Who knew that women making personal and consequential decisions about how to regulate fertility should now factor in the religious views of her employer? Most women making medical decisions about their reproductive choices might consider any number of factors: health, age, income, religious views, relationship status, plans for the future, for example. But for some women, bosses will now have a say, thanks to a decision today by a divided US Supreme Court.
The 5-4 decision holds that some for-profit corporations, like the plaintiff Hobby Lobby, can refuse to include contraception in employee health plans based on the corporate owner’s religious views that life begins at conception. Religious organizations such as churches were already exempted from the Affordable Care Act’s mandate to provide cost-free birth control coverage. Today’s decision goes a giant step further in extending that exemption to secular, for-profit employers with religious objections to contraception. Since over two-thirds of employed American adults under 65 get their health insurance through an employer, this means that millions of women across the country just saw the decision about whether they will have access to affordable birth control turned over to their boss.

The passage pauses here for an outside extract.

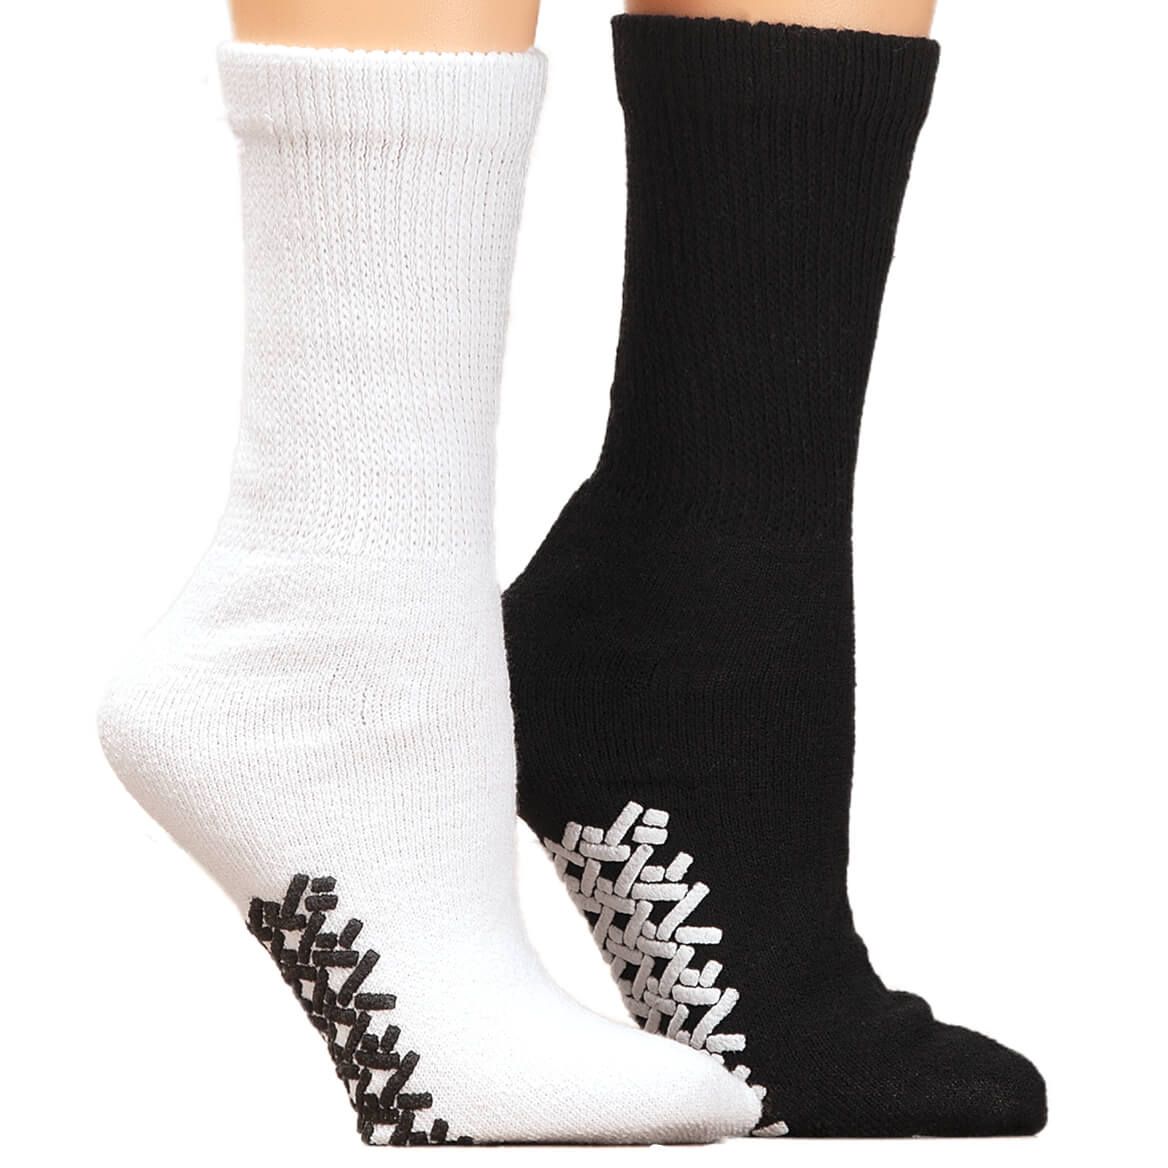 Silver Steps™ Diabetic Gripper Socks, 2 Pairs + '-' + 371090

Today’s ruling has broad implications for women’s rights in the United States, not just in the realm of reproductive rights and health. In Justice Ruth Bader Ginsburg’s dissent, she recalls the court’s pronouncement in the landmark 1992 case, Planned Parenthood of Southeastern Pennsylvania v. Casey: “The ability of women to participate equally in the economic and social life of the Nation has been facilitated by their ability to control their reproductive lives.”
When the contraceptive mandate went into effect in 2012, an estimated 47 million women in the US gained access to cost-free birth control, and with it greater access to equality in marriage and family life, education, health, employment, political participation, and beyond. Today’s decision endangers all of those gains.